This book is about exploring the healing of loss, grief, and trauma in the context of the wider container of consciousness that extends beyond our limited human perspectives. It is about widening our embrace with life and seeking healing options in the highly charged atmosphere of despair and a sense of futility that often accompanies the death of a loved one.

The book is also about the astonishing revelations I experience, as my late husband and I confront unhealed parts of ourselves and our relationship, accept our circumstances, give thanks for our love, forgive what needs to be forgiven, and to heal aspects of our human relationship so that each of us can move on.

My story is one of tragedy transformed by love. Four years ago, when I am 73, an unexpected and dramatic event takes the life of my husband of 23 years.

Our car plunges off a narrow rural road and lands upside-down in a river.
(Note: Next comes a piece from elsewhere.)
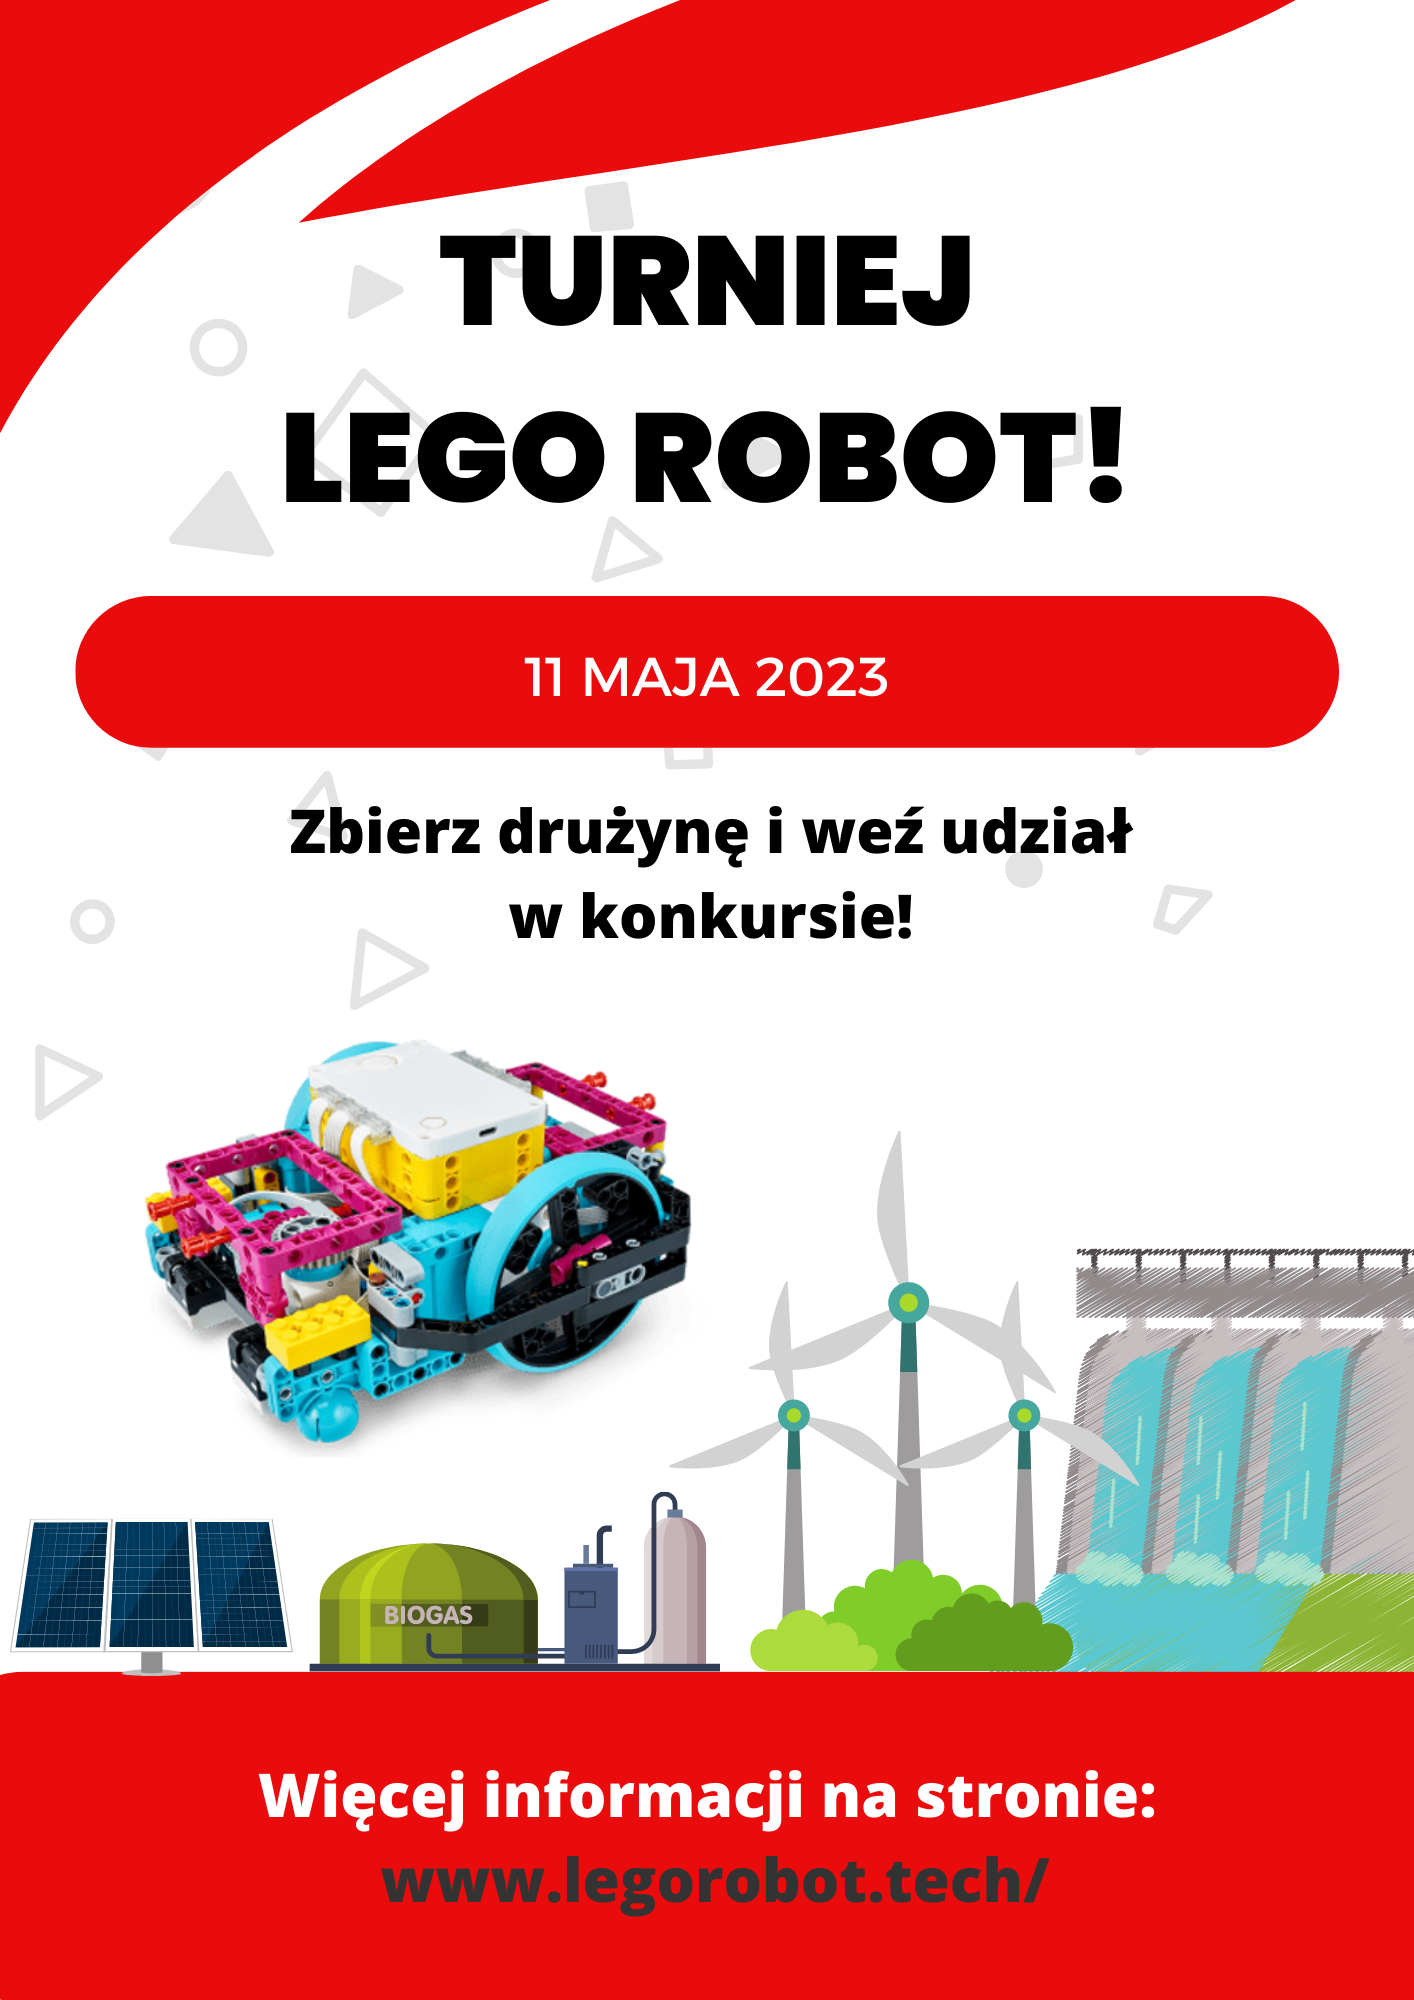 LEGO ROBOT 2023

While I sustain some challenging physical injuries, I also experience trauma and severe Post-Traumatic Stress (PTS). That event changes everything, snatching away all my identities. I am a survivor. And, I wonder, was I saved for something different, something extraordinary? The big life I was living evaporates instantly. Inches from death, I am flung back into life.

I ask myself: am I meant to make something significant out of my new life?

And further: what would my beloved Karl want me to do with my new opportunities?

My three potential healing pathways

I imagine three healing options as confront this crossroads in my life’s path. I want to choose a path that will lead me in the direction of healing and reconciliation with my loss (and acceptance of my brush with death and diminishment of my abilities).

I need to prepare myself, read the signs carefully, and choose well.

ALTERNATIVE 1: business as usual

I’ll call the first potential healing path business as usual. Taking that route, I would accept our culture’s mainstream ideas about how to manage my loss and grief. I would soldier on, recovering the best I could (and as quickly as possible). I would break my bonds of attachment with Karl, accepting that he is lost to me forever. Then I would move on as soon as I have passed through (and, to some extent, mastered) the five predictable stages of grief. I would re-invest my energies elsewhere.

Being a naturally spiritual person, I sense that such an approach is not right for me. I intuitively know that there must be something more appropriate and heart-centered for me. Somewhere.

ALTERNATIVE 2: option b

Sheryl Sandberg and Alan Grant propose what I see as my second option (in their 2017 bestseller, Option B: Facing Adversity, Building Resilience, and Finding Joy). I’ll call it the psychological approach, based on popular resilience theory. Using their guidance, I could confidently set out on a path that offered tested psychological approaches to “managing” loss, grief, and trauma. That path promises results, as evidence-based research supports its approach. However, I cannot find in Option B anything even resembling a spiritual dimension. My spirit yearns for support and connection with something greater than my own identity. I need to find another path that aligns more closely with my spiritual values. I need a path that offers the potential for successful healing. I know that I must choose and get on with my life. But Option B, offering no spiritual potential, feels conservative and limiting.

ALTERNATIVE 3: develop and inhabit my own “Option C”

How does a person who is a shattered wreck find the right path?

Serendipitously, I rediscover a book by Rudolf Steiner I had read several years ago. I allow it to guide me. I have sought spiritual knowledge throughout the whole of my adult life, so early in my mourning, I know that I need more than conventional remedies. I am desperate to stay connected with Karl, despite knowing that connection with the dead is often a taboo subject in our culture. It would not be the first taboo I break. I have always marched on my own path to the drum of my own, independent spirituality.

No spiritual bypassing for me

I am also alert to the dangers of “spiritual bypassing” (http://robertmasters.com/writings/spiritual-bypassing/). First coined by psychologist John Welwood, spiritual bypassing means using spiritual practices and beliefs to avoid addressing painful feelings, unresolved wounds, and, in my case, grief and trauma. Although I am in deep pain, I do not want to bypass anything. I am in this for the long haul. I will travel as far and delve as deeply as I must.

As Rumi wisely reminds us, “The wound is the place where the Light enters you.”

I strongly believe that my whole future depends on how I engage with my grief. I want to find a path with heart. And I want to journey without my pain engulfing or destroying me. I want to be artful and to employ healing processes that align with my values. And I am desperate to move on.

I passionately seek to be courageous.

I believe that my life depends on it.